Subscription: $29.99/month subscription available, pays for itself in under five rides vs. standard fares.
Fleet Management Partners
| Partner | Role | Markets |
|---|---|---|
| Waymo (direct) | Full fleet operations | Phoenix, SF, LA |
| Uber | Dispatch via Uber app, fleet management | Austin, Atlanta |
| Moove | Fleet operations, facilities, charging | Miami (planned), Phoenix |
| Avomo (formerly Moove Cars) | Fleet management for Uber-dispatched rides | Austin, Atlanta |
13. Regulatory & Safety Record
Autonomous Miles and Crash Data
| Metric | Value | Source |
|---|---|---|
| Total Autonomous Miles (public road) | 200+ million | Waymo (Feb 2026) |
| Rider-Only Miles | 96+ million | Waymo |
| NHTSA-Reported Incidents | 1,429 (Jul 2021 - Nov 2025) | NHTSA SGO data |
| Reported Injuries | 117 | NHTSA |
| Fatalities | 2 (Waymo vehicle involvement) | NHTSA |
Peer-Reviewed Safety Comparisons
Study 1: 7.1 Million Rider-Only Miles (Kusano et al., 2024; published in Traffic Injury Prevention):
| Crash Type | Waymo ADS (IPMM) | Human Benchmark (IPMM) | Reduction |
|---|---|---|---|
| Any Injury Reported | 0.41 | 2.80 | -85% (human rate 6.7x higher) |
| Airbag Deployment | Significant reduction | -- | Statistically significant |
Study 2: 56.7 Million Rider-Only Miles (Kusano et al., 2025; published in Traffic Injury Prevention):
- First statistically significant comparison at the Suspected Serious Injury+ (SSI+) level
- Statistically significant reductions in: Any-Injury-Reported, Airbag Deployment, and SSI+ outcomes
- Disaggregated into 11 crash types for granular analysis
California DMV Disengagement Reports
| Period | Miles Driven (CA) | Fleet Size (CA) | Notes |
|---|---|---|---|
| Dec 2022 - Nov 2023 | 5,872K km (3,670K mi) | ~430 vehicles | Peak testing mileage |
| Dec 2023 - Nov 2024 | 3,823K km (2,390K mi) | 1,035 vehicles | 35% fewer miles; shift from testing to commercial ops |
| Dec 2024 - Nov 2025 | Part of 9M+ mi industry total | -- | Commercial operations dominate |
Note: As Waymo transitions from testing to commercial operations, traditional disengagement reporting becomes less meaningful.

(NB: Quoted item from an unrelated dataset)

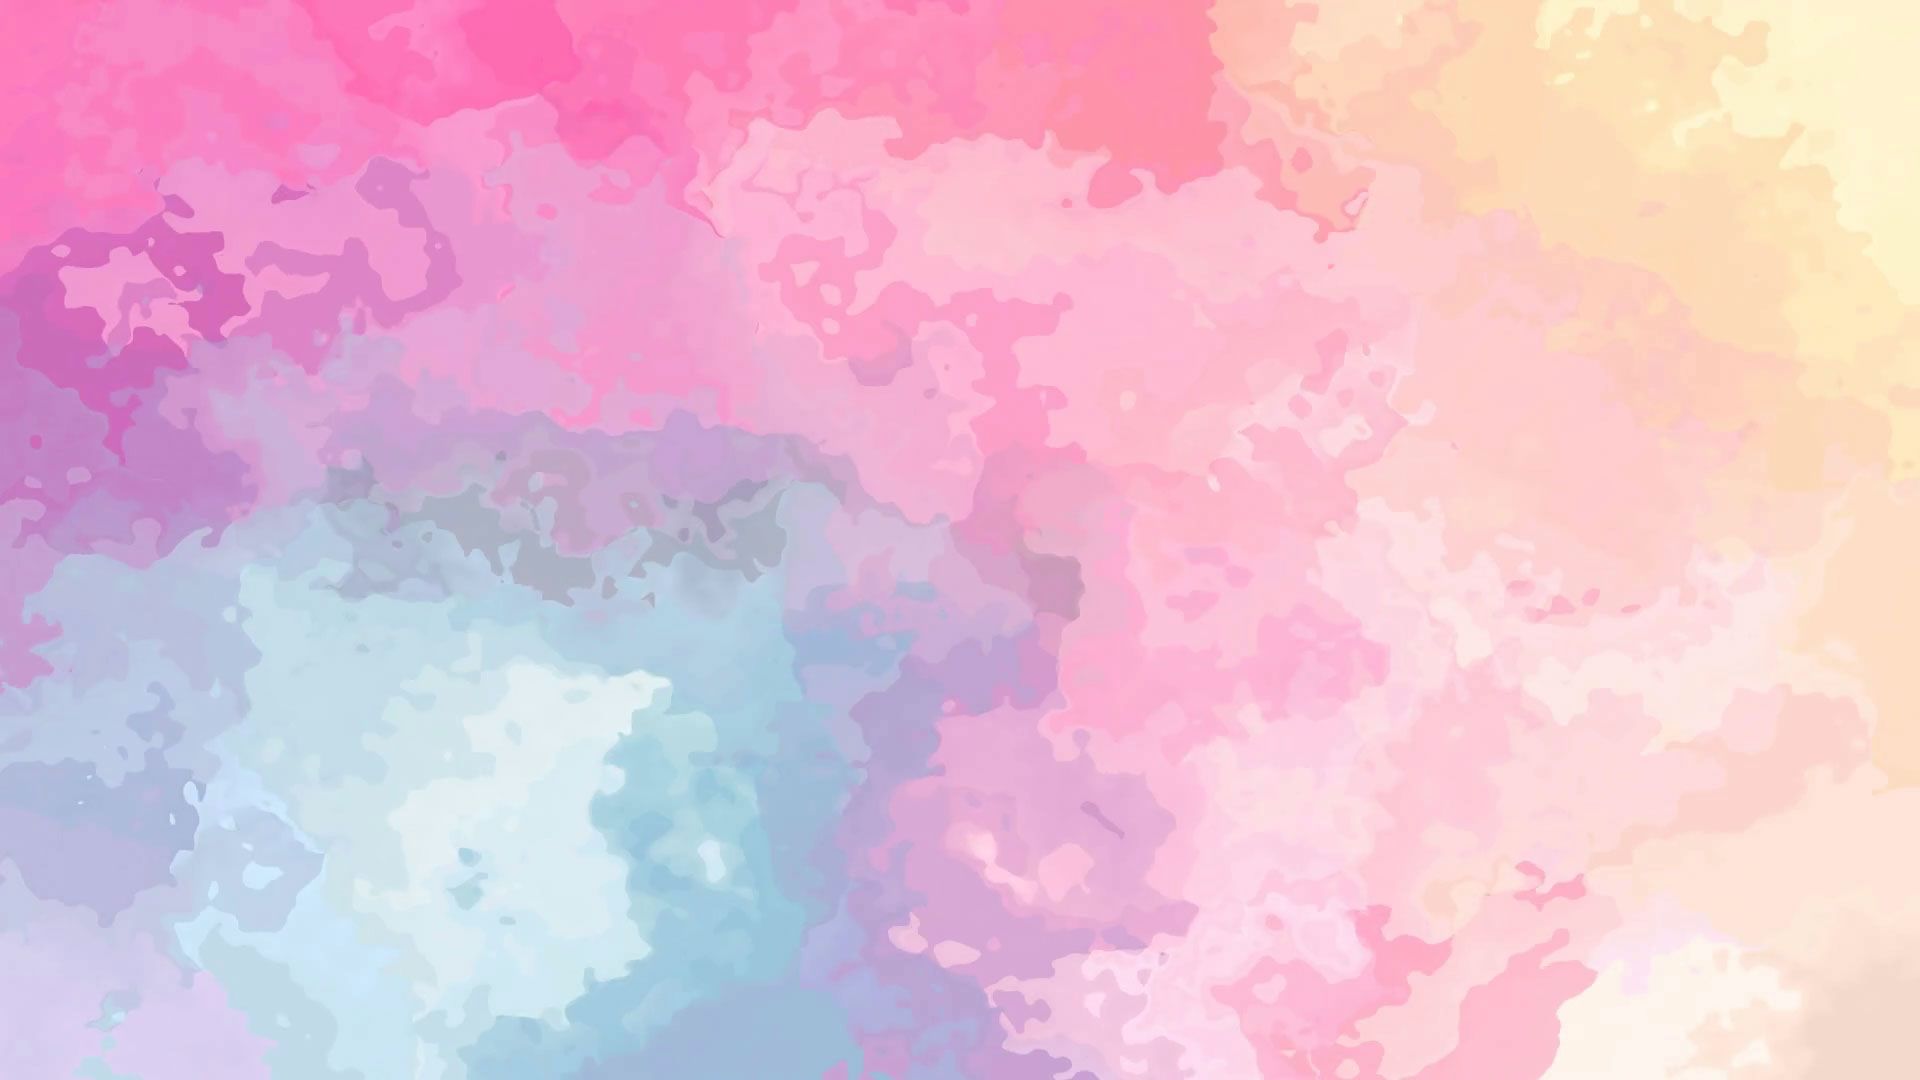 Pastel Background Goo Pastel Background Textures And 2048 Pixels Wide 1152 Pixels Tall HD Wallpaper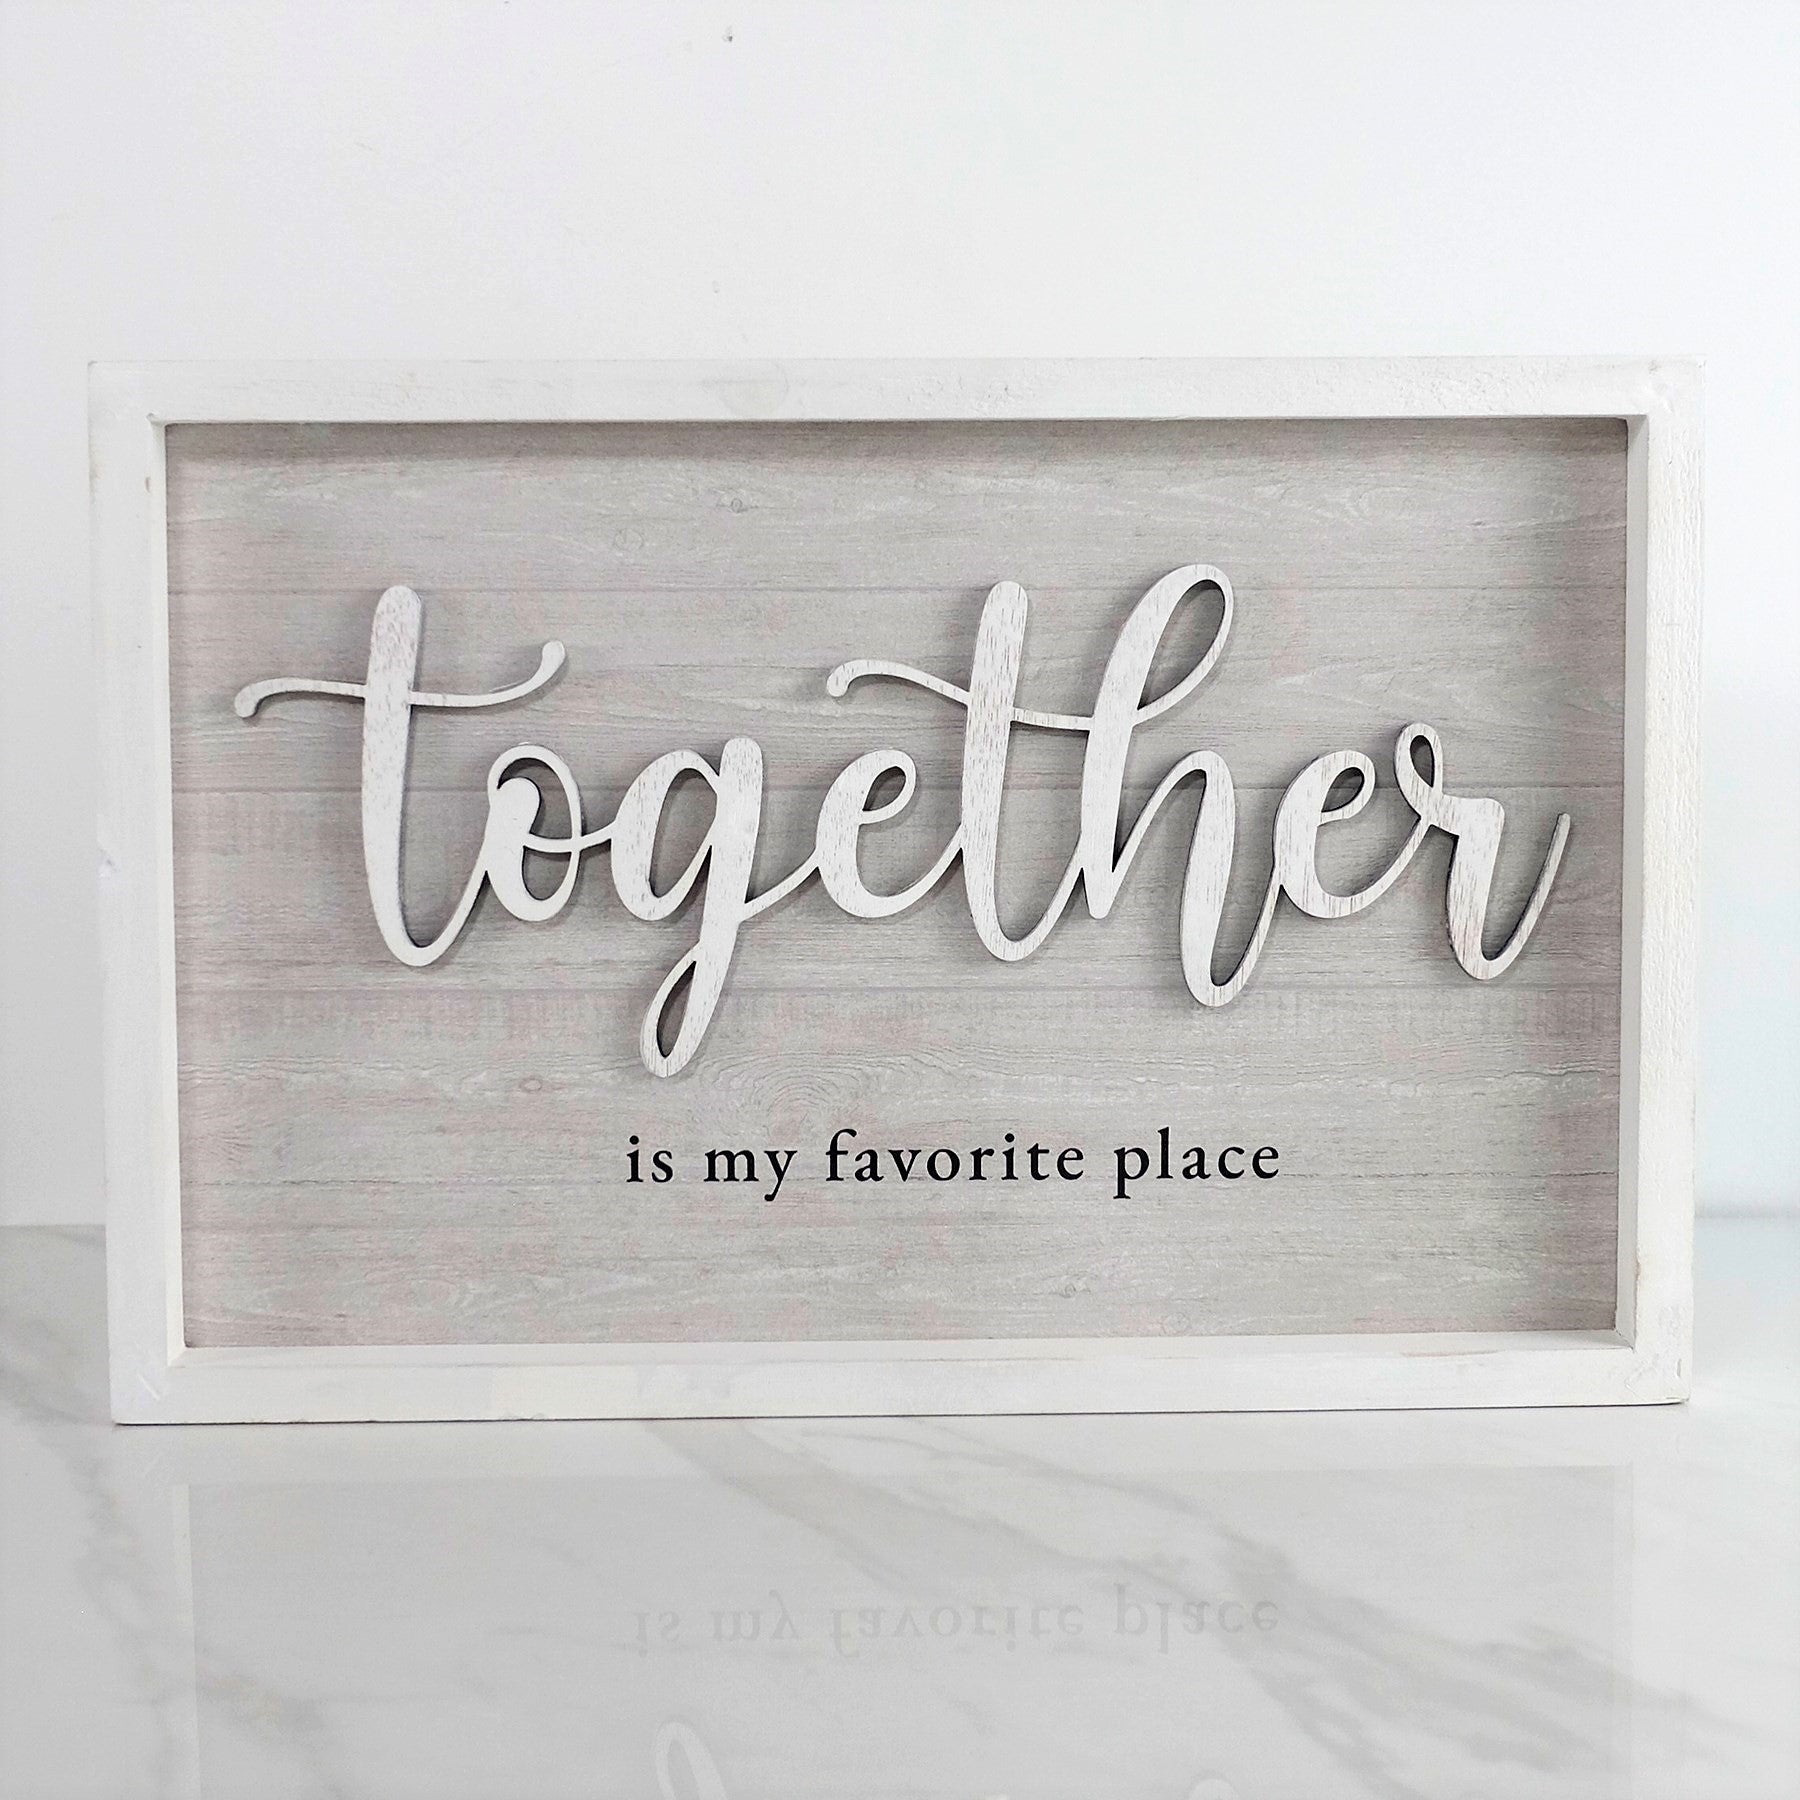 Together Is My Favorite Place Frame 6"x4"

Waymo's commercial driverless miles (rider-only) are reported through NHTSA's SGO framework rather than California DMV disengagement reports.
Regulatory Framework
- Federal: Voluntary compliance with NHTSA Standing General Order (SGO) for incident reporting; no federal AV legislation as of March 2026
- California: CPUC permit for commercial robotaxi operations; CA DMV autonomous vehicle testing permit
- Arizona: Permissive regulatory environment; no specific AV legislation required for operation
- Other States: Regulatory engagement underway in Texas, Florida, Georgia, and Washington D.C.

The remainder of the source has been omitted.